-- DATA FOR REVIEW follows --

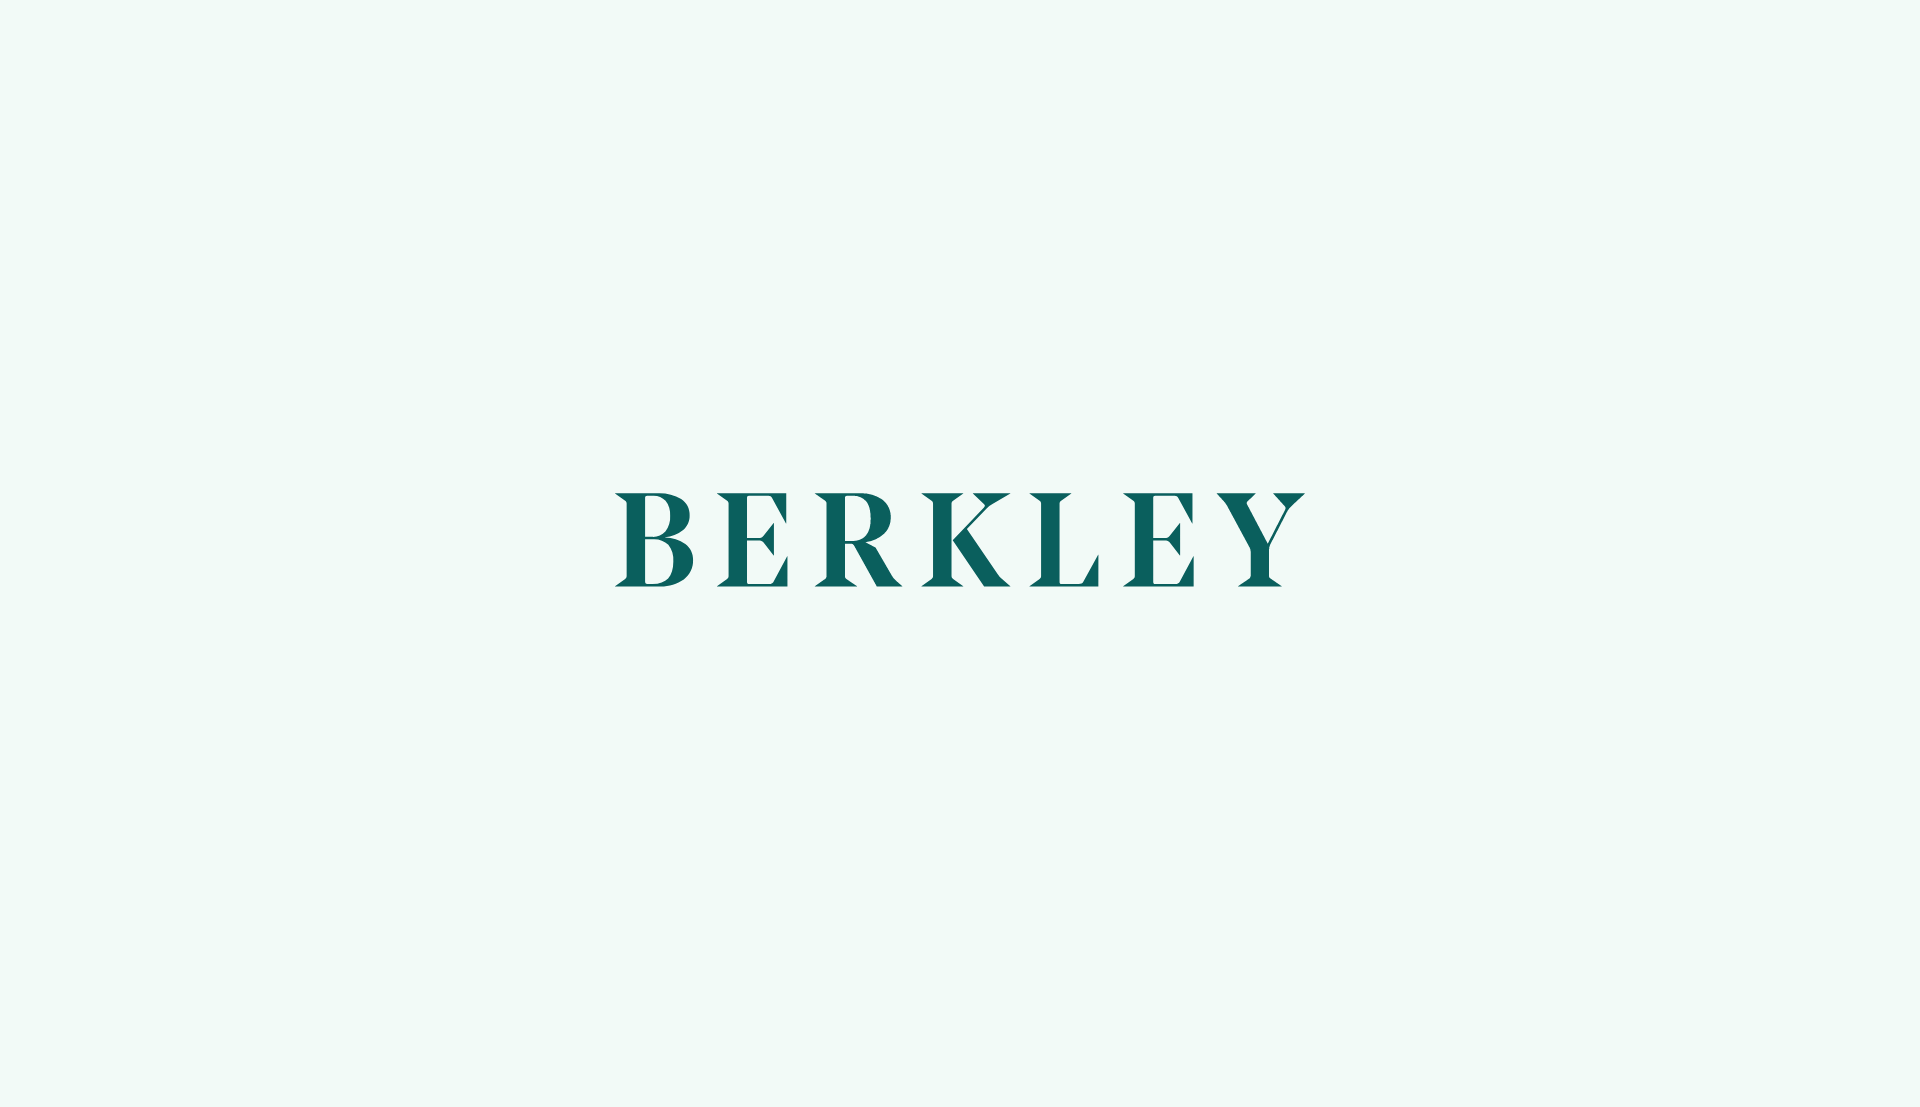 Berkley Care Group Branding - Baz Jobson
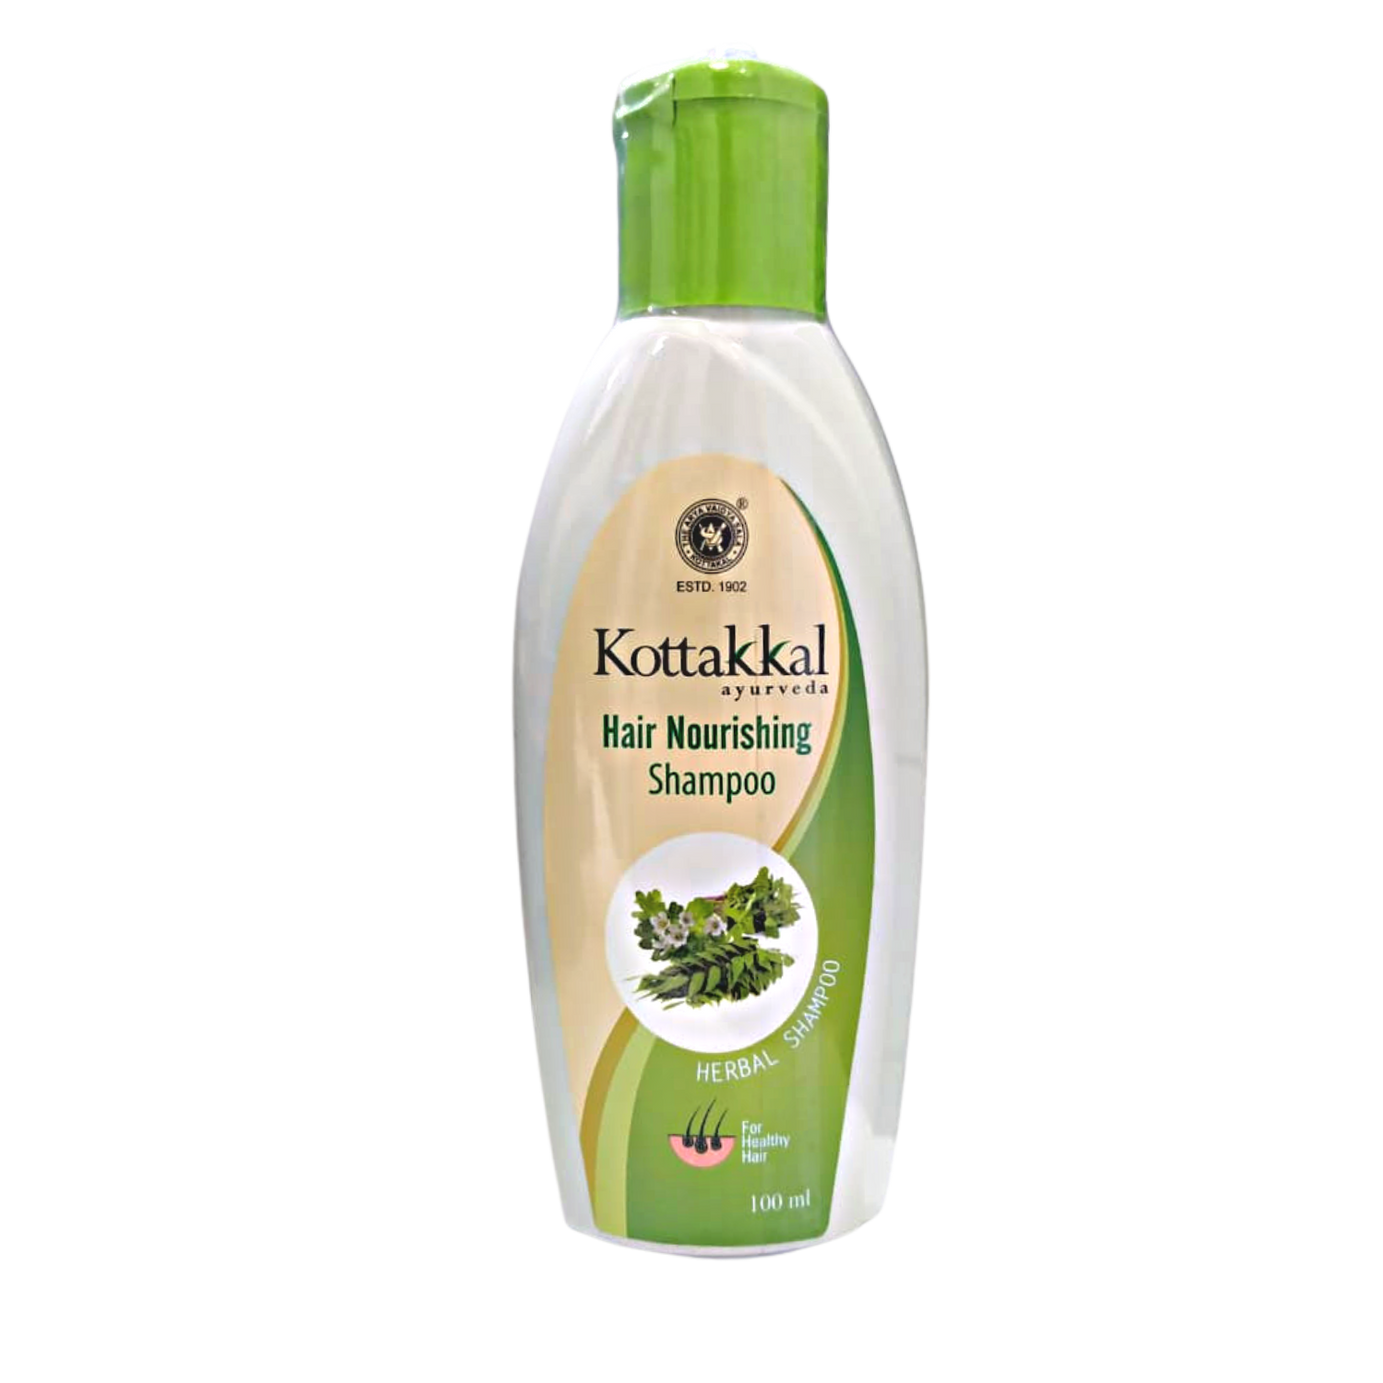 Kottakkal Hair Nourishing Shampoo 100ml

-- DATA FOR REVIEW concluded --
-- DATA FOR REVIEW follows --

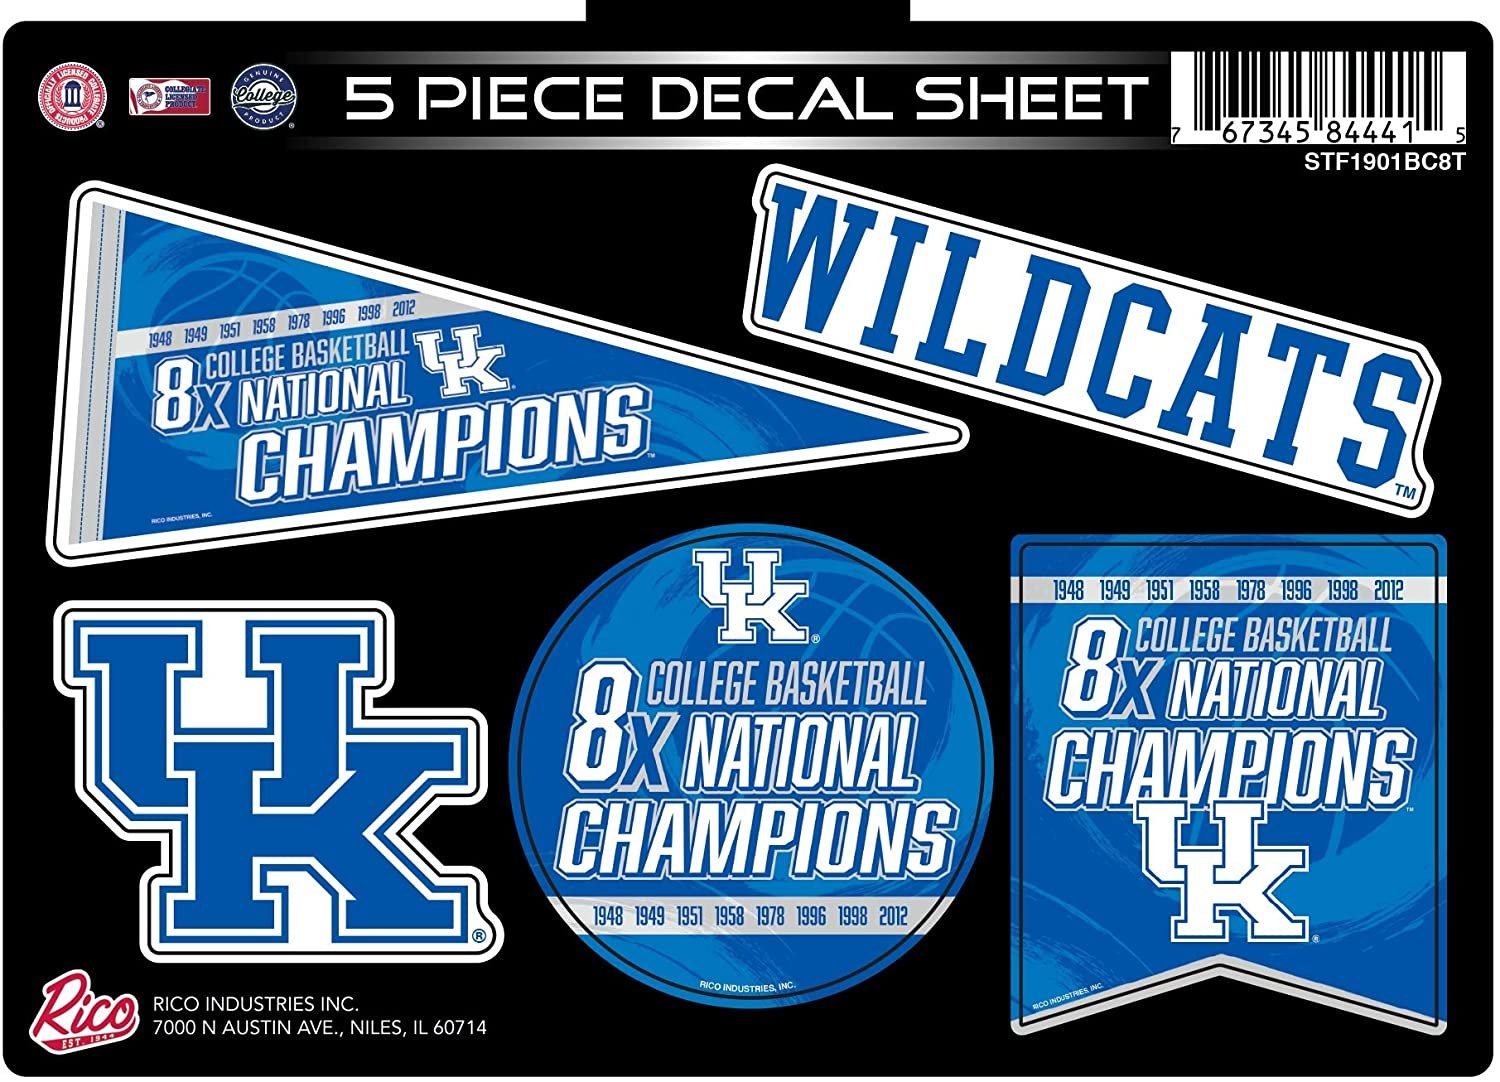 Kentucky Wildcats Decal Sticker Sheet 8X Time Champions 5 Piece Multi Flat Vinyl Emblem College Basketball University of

-- DATA FOR REVIEW concluded --
-- DATA FOR REVIEW follows --

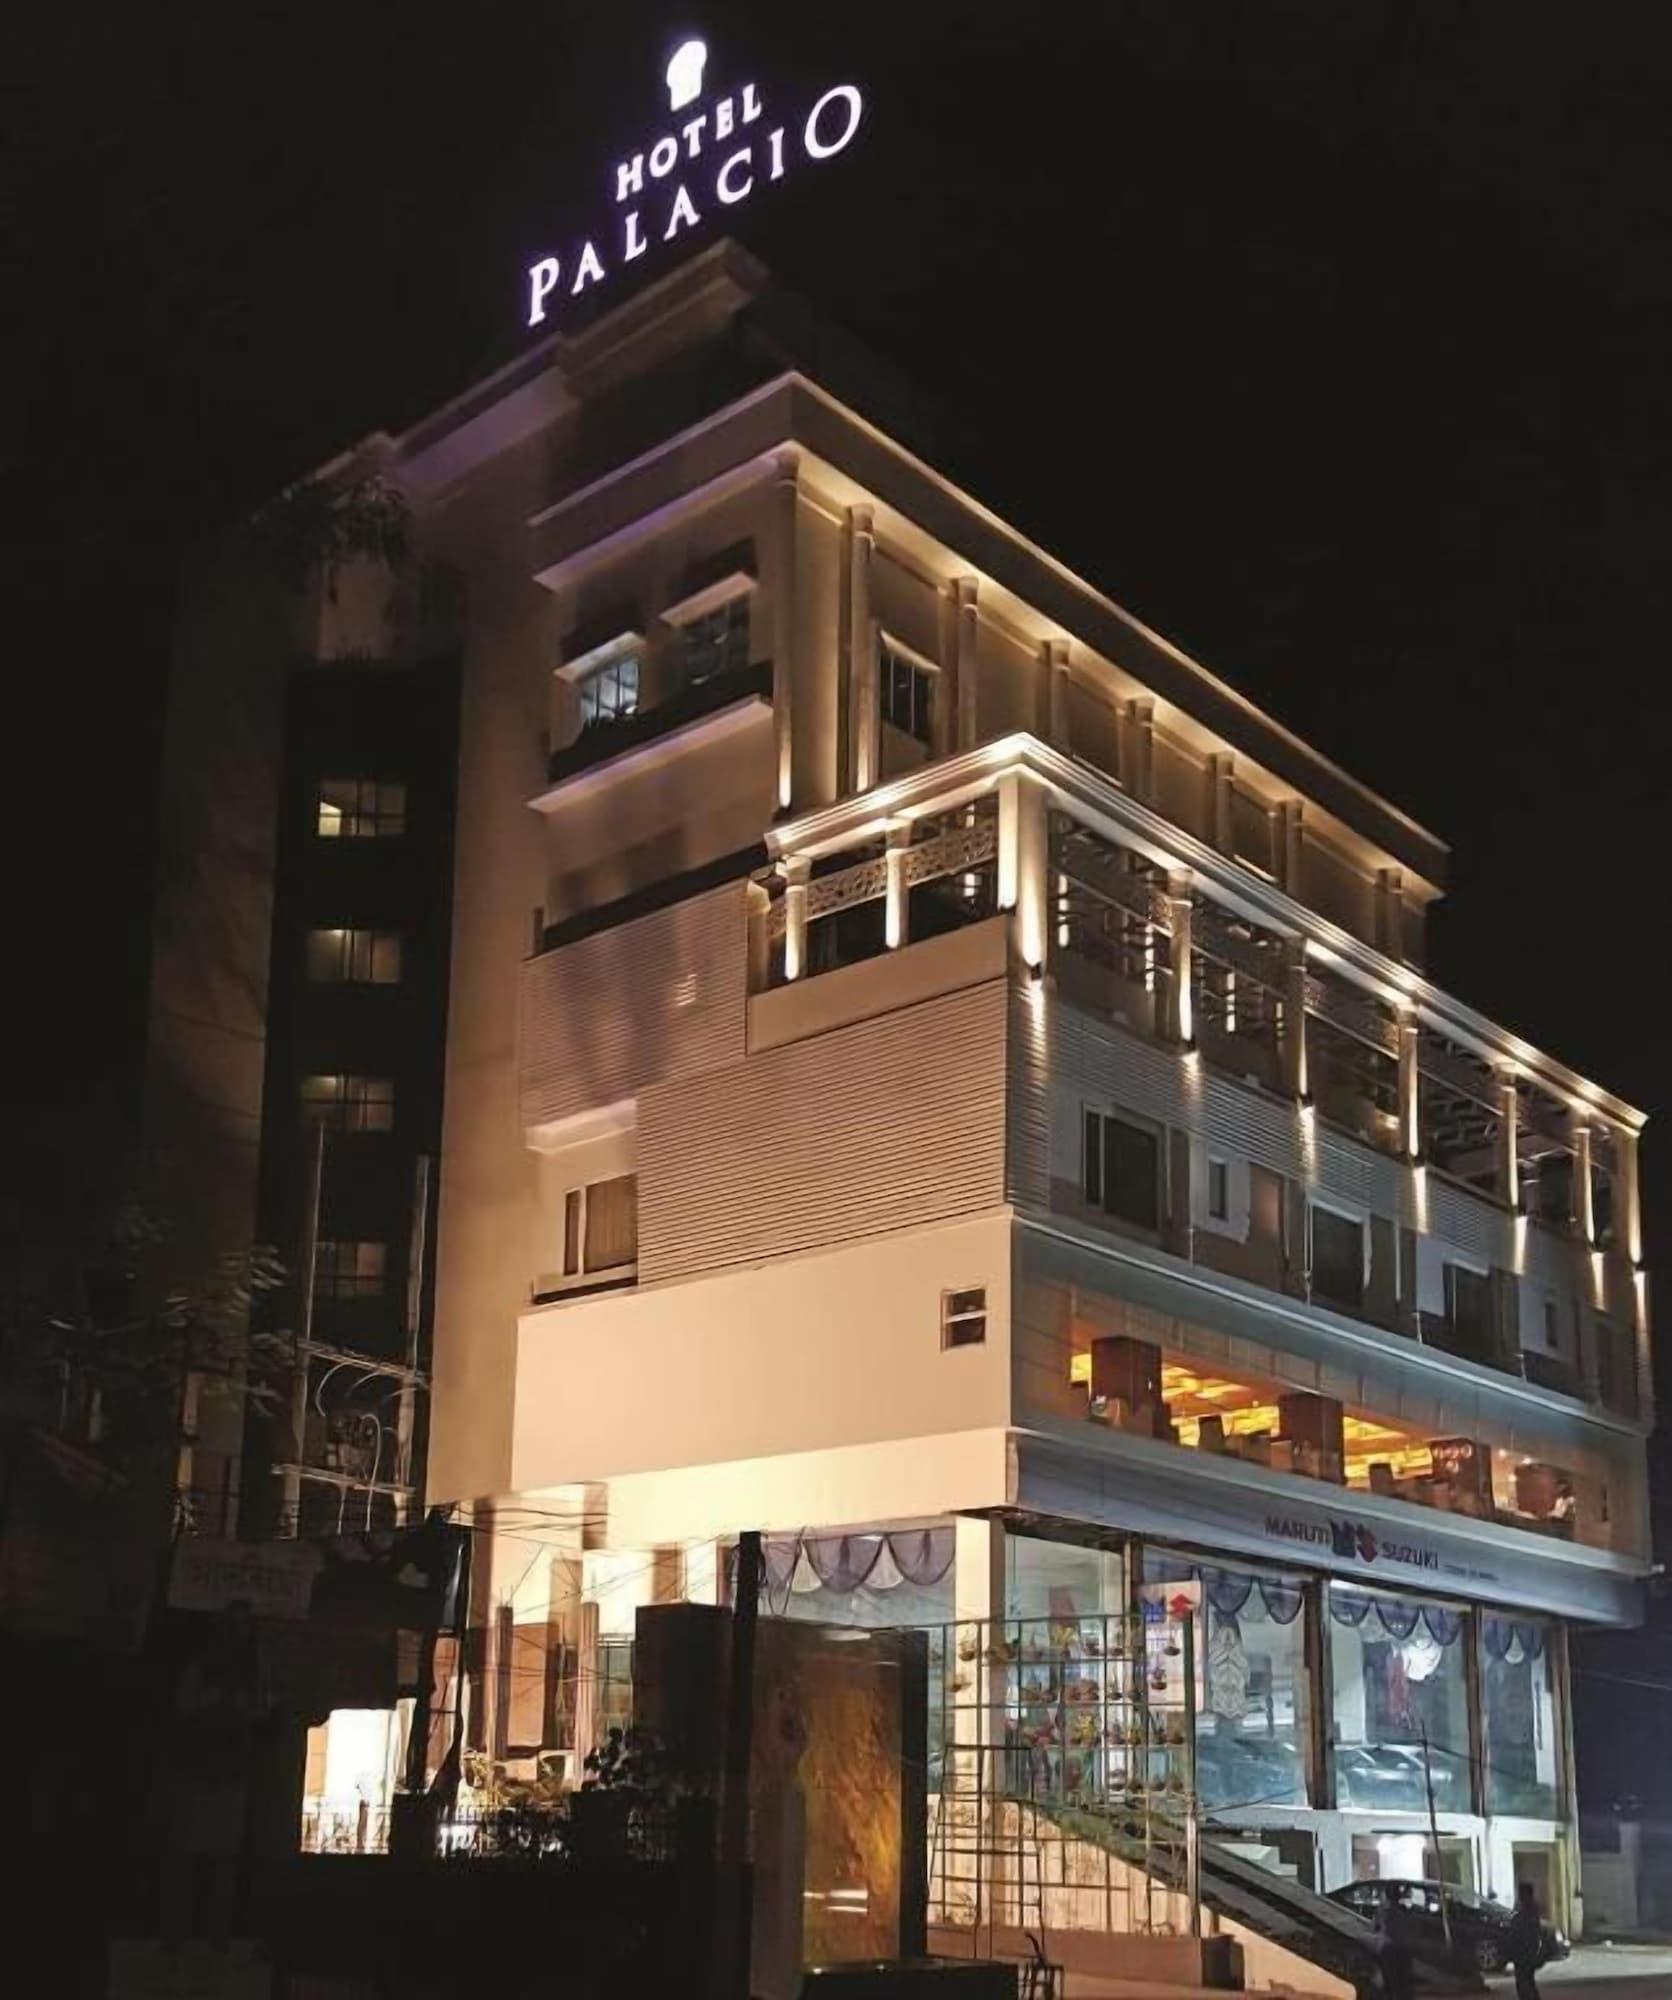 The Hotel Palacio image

-- DATA FOR REVIEW concluded --

YOUR INSTRUCTIONS =>
Look above for the line with "Berkley Care Group Branding - Baz Jobson" and the line with "Kottakkal Hair Nourishing Shampoo 100ml". Output those two and everything between them exactly, pictures excluded.

EXERCISE ANSWER =>
 Berkley Care Group Branding - Baz Jobson
 Kottakkal Hair Nourishing Shampoo 100ml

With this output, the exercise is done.